Friday, April 07, 2006

Timid walker

I have no deep and introspective reflection to share today, simply an observation about life in Louisville. I noticed that I've become a timid walker. In fact, I don't walk nearly as much as I should now. Back in Vancouver, I used to walk everywhere, to the bank, Safeway (grocery store), the shops on 10th Ave., the beach, sometimes even to school (UBC). And I loved taking walks in the forest near my house. And yes, pedestrians have the complete right of way! Sidewalks are incomparable, too! Vancouver is perhaps pedestrians' paradise.

Alas! Being in Louisville, I now drive everywhere. I drive to the bank, the mall (which is completely ridiculous, it's not even a 2-minute drive), school, grocery stores, everywhere. And I don't take walks anymore. For one, I can't find a forest with walking trails here in the 'Ville. And more importantly, there's barely any sidewalks!! What's the deal with that? I tried taking a walk the other day, I either almost got hit by cars because I was walking on the street, or I almost stepped doggie's brownie because I had to walk on grass. Oh yes, people here may ask, "Right of way for pedestrians? What's that?" One thing I learned quickly after moving here is that never just step out on the street if I want to cross the street alive. I've become a very timid walker.

Wednesday, April 05, 2006

How are you doing today?

Lately whenever people ask me that question I always have to take at least a few seconds to think about my answer. I don't want to give a shallow "fine, thanks". Sometimes I'm really not fine, thanks. But sometimes I'm more than fine. Sometimes I can hardly contain the joy of knowing and experiencing God's grace in my life. More often than not I would say "I'm okay, thanks". Let me expound on that a little.

C.J. Mahaney likes to respond to that question with "better than I deserve". That is certainly how I feel most of the time. Over the past two years God has turned my life upside down. One after another He has brought situations into my life, for His glory and most certainly for my good. And I thank God for these trying times, which certainly feel like trials at times. God has stripped me of things I used to hold dear, things and persons I used to lean on. He has taken one thing/person after another, so that my only choice is to realize that He alone is my strength, my stronghold. I have the habit of building idols in my heart, of making people, including myself, my idols. I was just like Gomer, Hosea's extremely adulterous wife. I looked everywhere else for satisfaction, to have my "needs" (more accurately called "lusts of the heart") fulfilled. I left my God, my first love, to go after other lovers, thinking that they can fulfill my heart's desires, they can supply me with what I need. But it has been God who has been sustaining me all along, who has been keeping me from greater sin (as if the sins I've committed against Him were not grave enough). And now that He has saved me from the dominion of darkness and has made me a branch that is connected to Christ, God the Father has been pruning my life to yield more fruit.

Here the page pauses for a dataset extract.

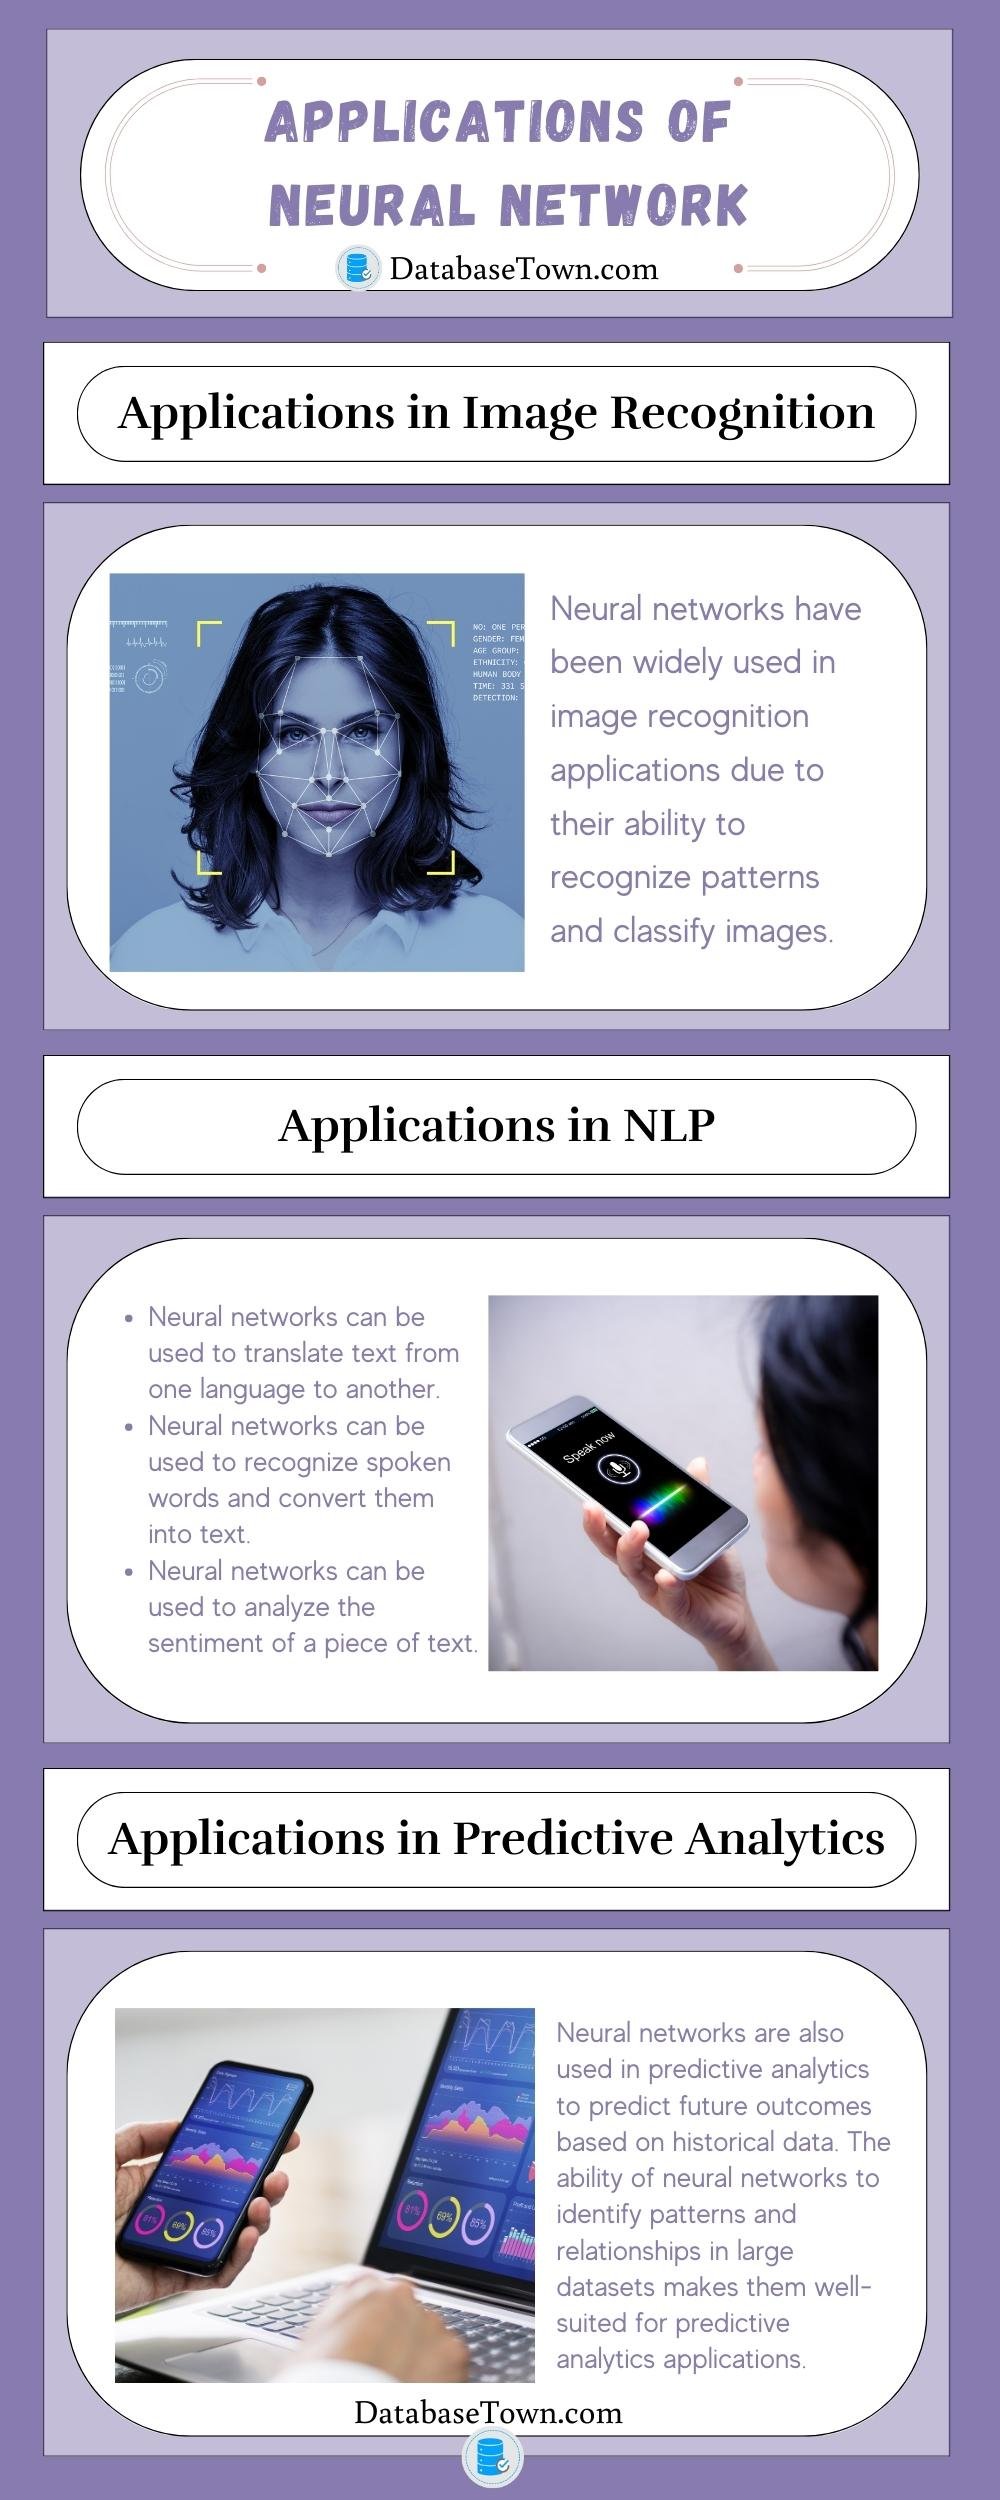 Application of Neural Network in Image Recognition, NLP & Predictive Analysis

Pruning is not a fun and light process. My sinful nature does not like to be pruned by God. So while being pruned or chastised, my flesh hurts and my pride is crushed. I honestly cannot say "I'm good" while going through trials which I know is God pruning me. I feel like crap (that might be an unChristian word to use) when my fleshly lusts and selfish ambitions are being denied. But I know and I truly believe that everything is happening exactly as God has planned and He is allowing things to pass to mold me into more Christlike submission and obedience to Him.

When I say "I'm okay, thanks", I mean that I'm a sinner saved by grace alone. I'm a forgiven sinner still struggling with sin in the flesh. I'm a saved sinner seeking to please my Lord with whatever I do, say and think, but constantly falling flat on my face. I'm a justified sinner in the process of being pruned, chastised, and sanctified, who still has a long way to go. I'm a sinner truly thankful for trials, who almost wants to ask for trials when times are smooth-sailing, for they have been God's means of grace of keeping me humble before Him and ever dependent upon Him. Who would've ever thought that we could be thankful for trials?